• PROBLEM DESCRIPTION: In this exercise, print only the lines of the records below from the one with "Photo of a teal" through the one with "The secret on", inclusive. Pictures are not part of the copy.
===== GIVEN ENTRIES =====
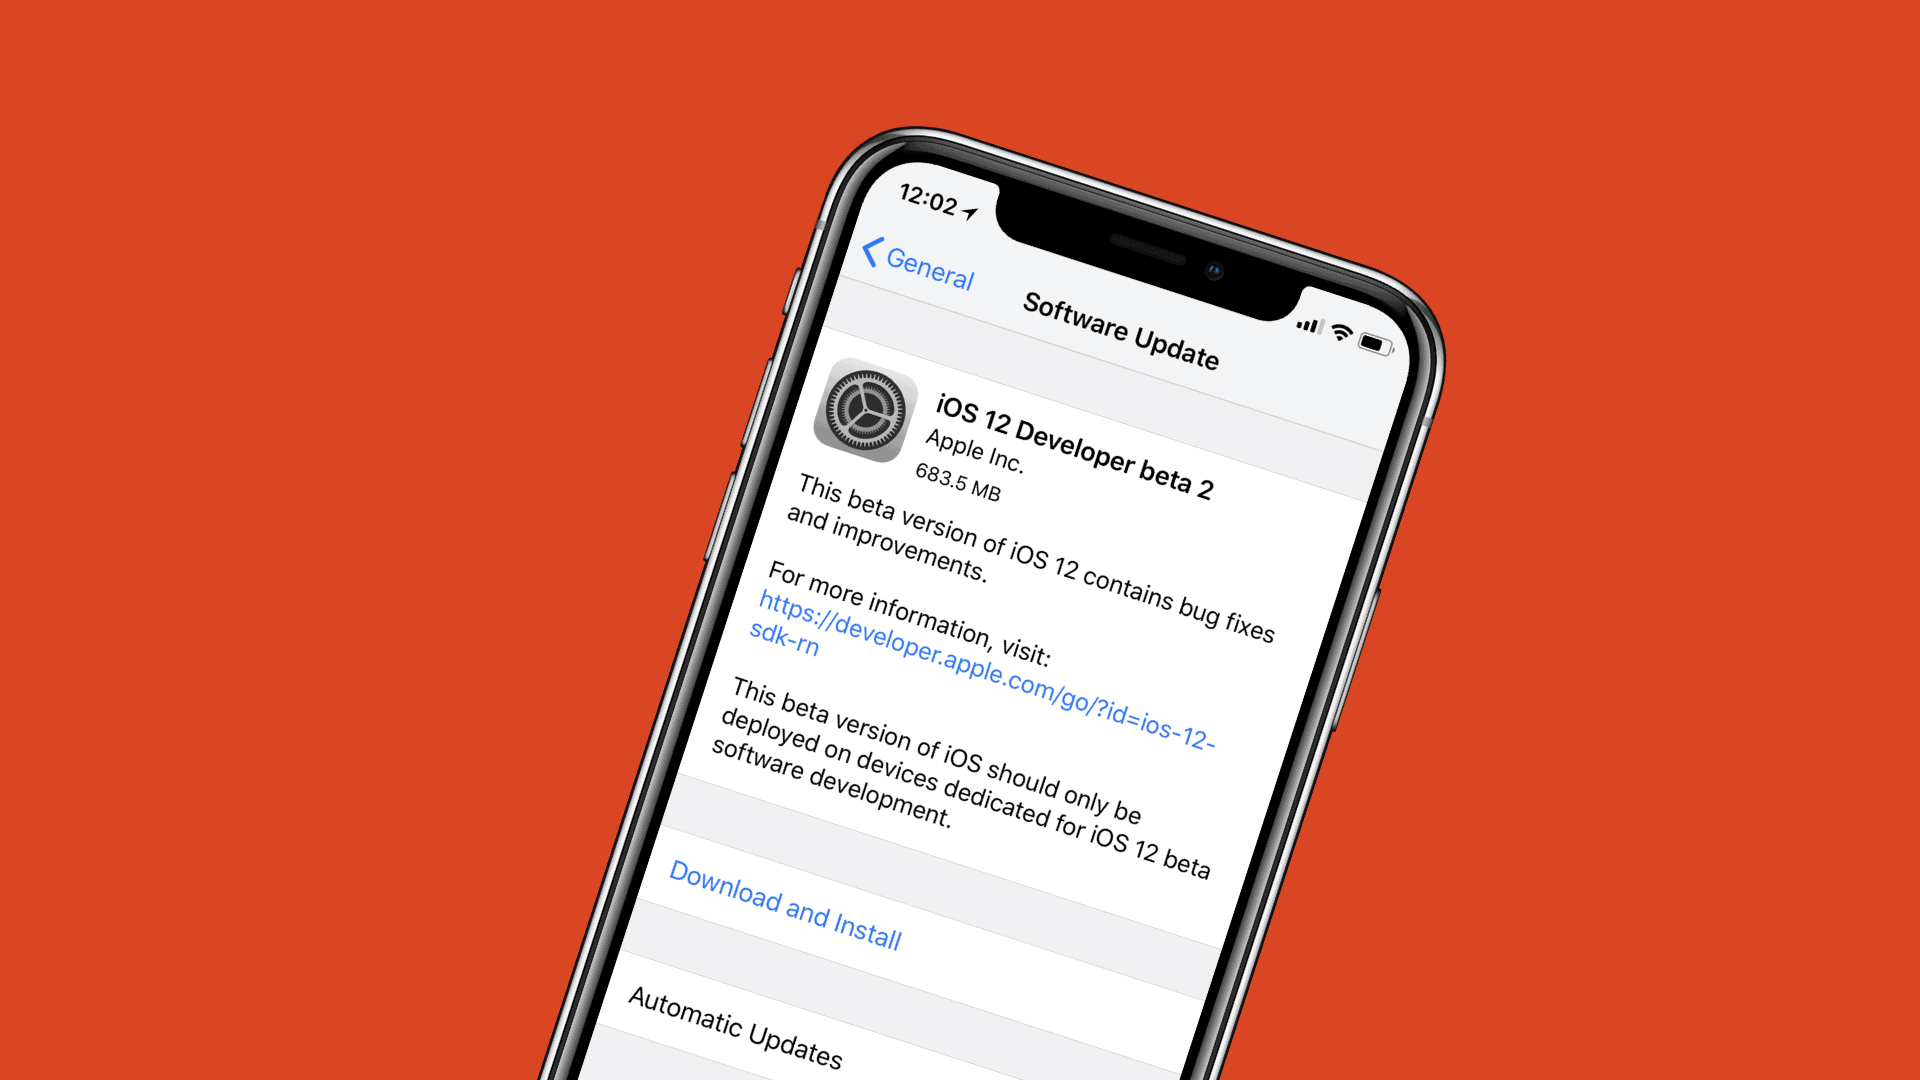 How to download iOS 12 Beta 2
=====
===== GIVEN ENTRIES =====
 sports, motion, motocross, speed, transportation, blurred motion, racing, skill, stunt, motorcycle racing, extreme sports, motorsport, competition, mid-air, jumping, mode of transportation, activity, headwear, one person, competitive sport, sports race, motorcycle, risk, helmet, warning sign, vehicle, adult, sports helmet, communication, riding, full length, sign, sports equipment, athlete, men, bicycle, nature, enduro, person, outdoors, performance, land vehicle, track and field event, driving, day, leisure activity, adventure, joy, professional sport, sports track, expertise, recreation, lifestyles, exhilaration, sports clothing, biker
=====
===== GIVEN ENTRIES =====
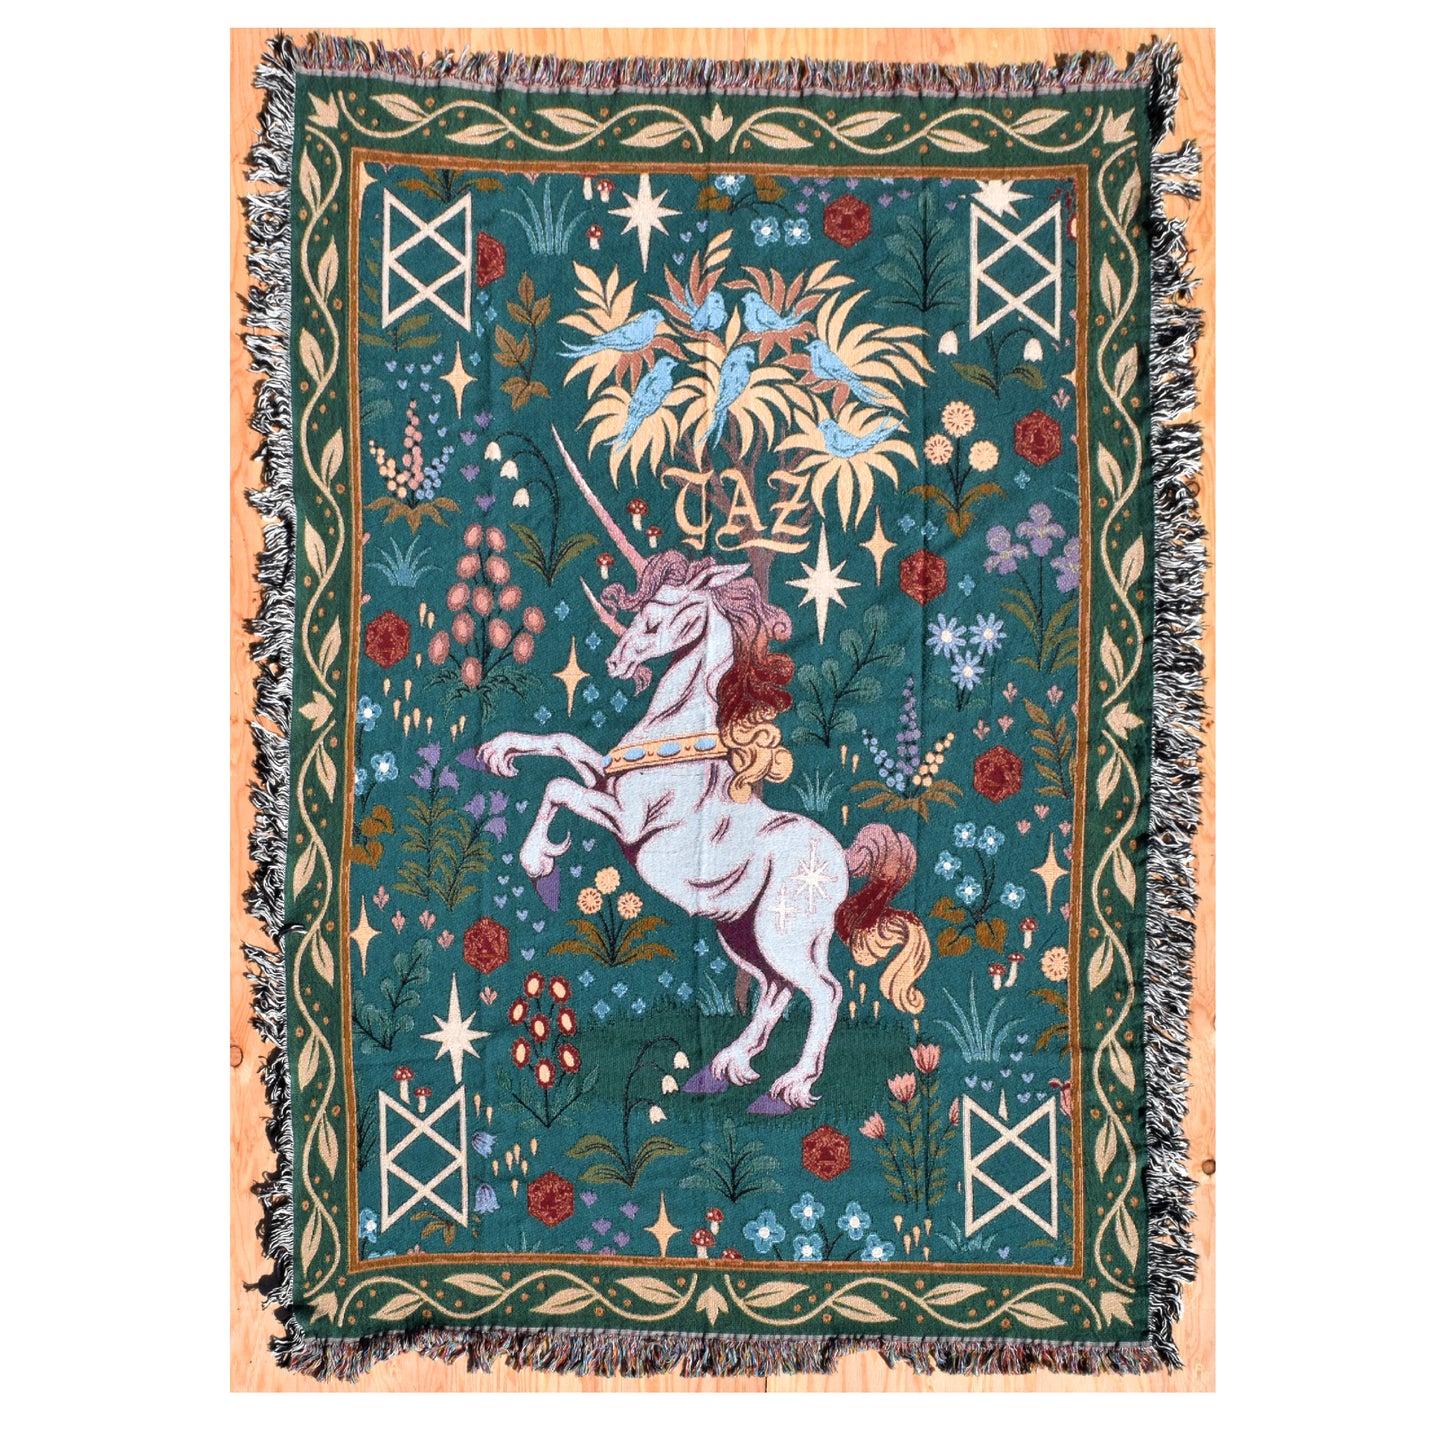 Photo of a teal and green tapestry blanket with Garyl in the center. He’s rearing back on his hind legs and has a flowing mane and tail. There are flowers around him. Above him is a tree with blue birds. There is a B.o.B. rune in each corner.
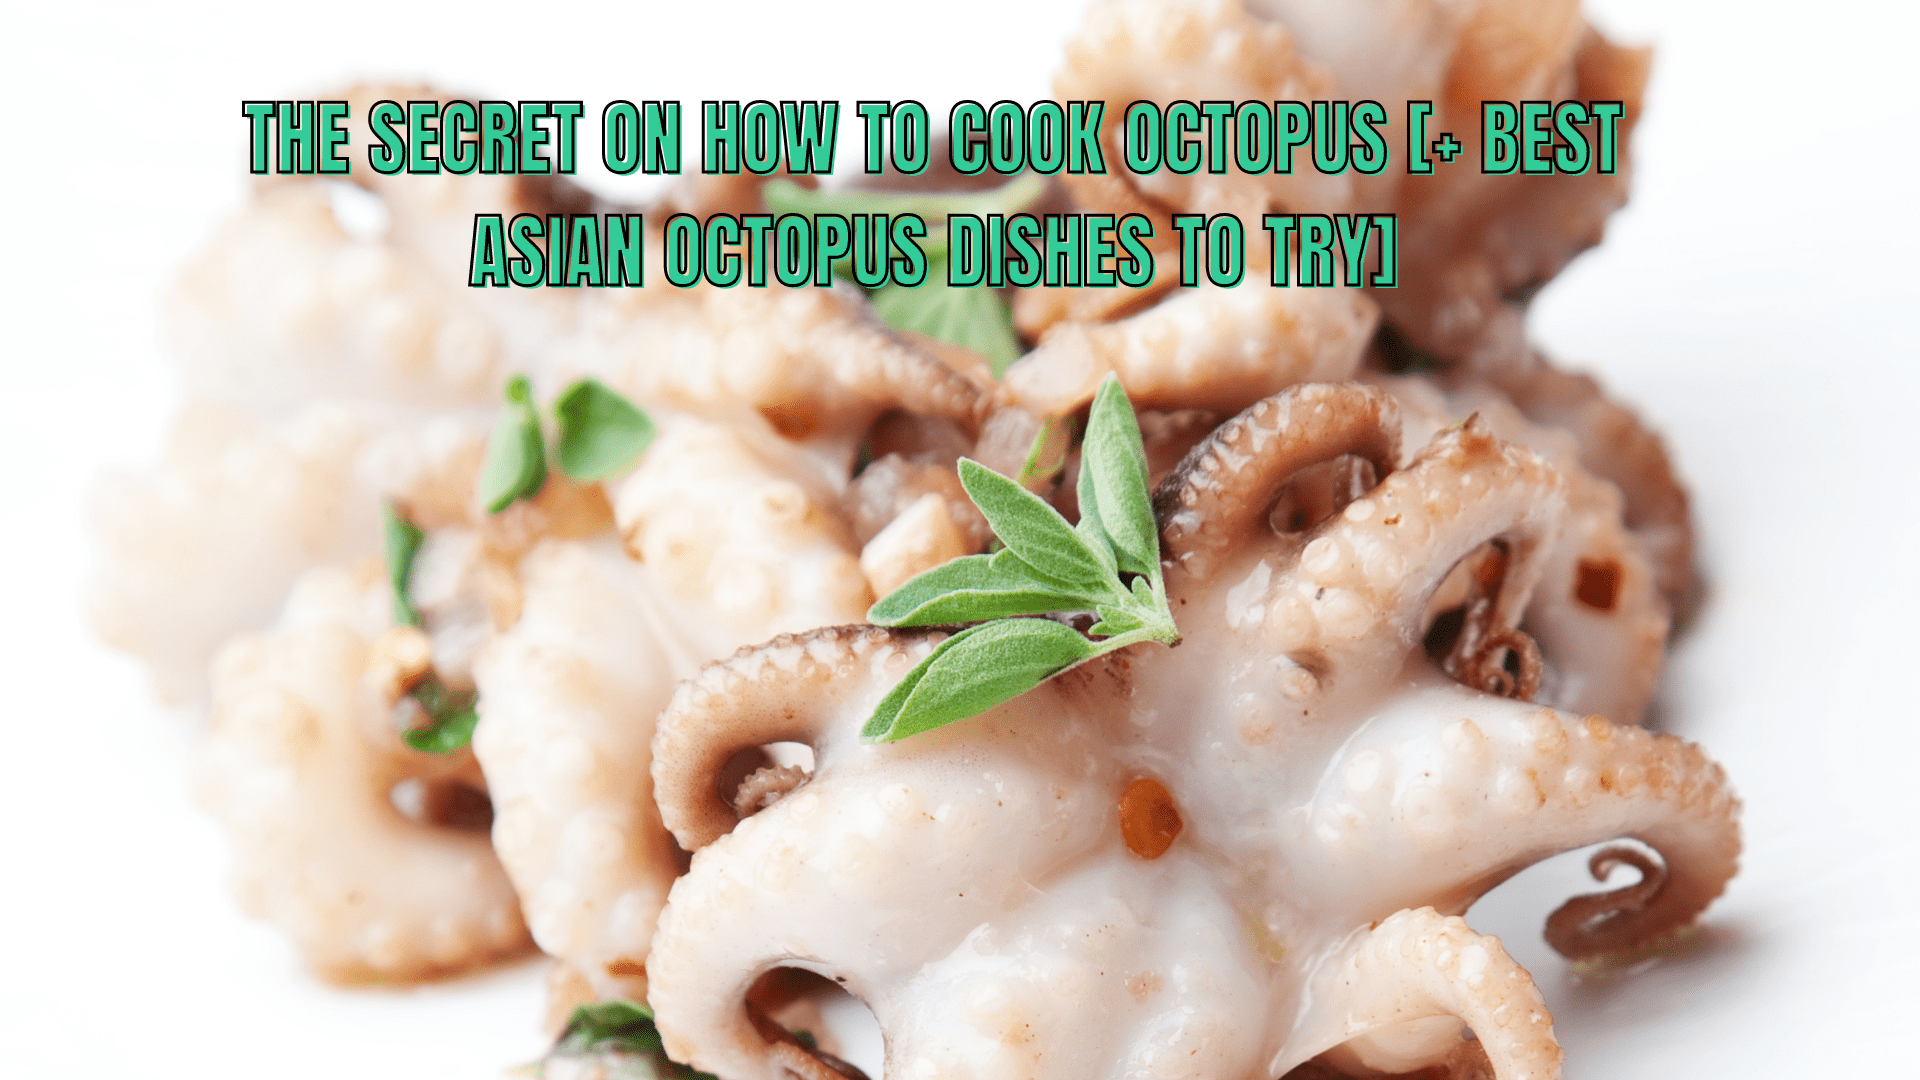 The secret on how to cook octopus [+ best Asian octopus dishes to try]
=====
• EXPECTED ANSWER:
 Photo of a teal and green tapestry blanket with Garyl in the center. He’s rearing back on his hind legs and has a flowing mane and tail. There are flowers around him. Above him is a tree with blue birds. There is a B.o.B. rune in each corner.
 The secret on how to cook octopus [+ best Asian octopus dishes to try]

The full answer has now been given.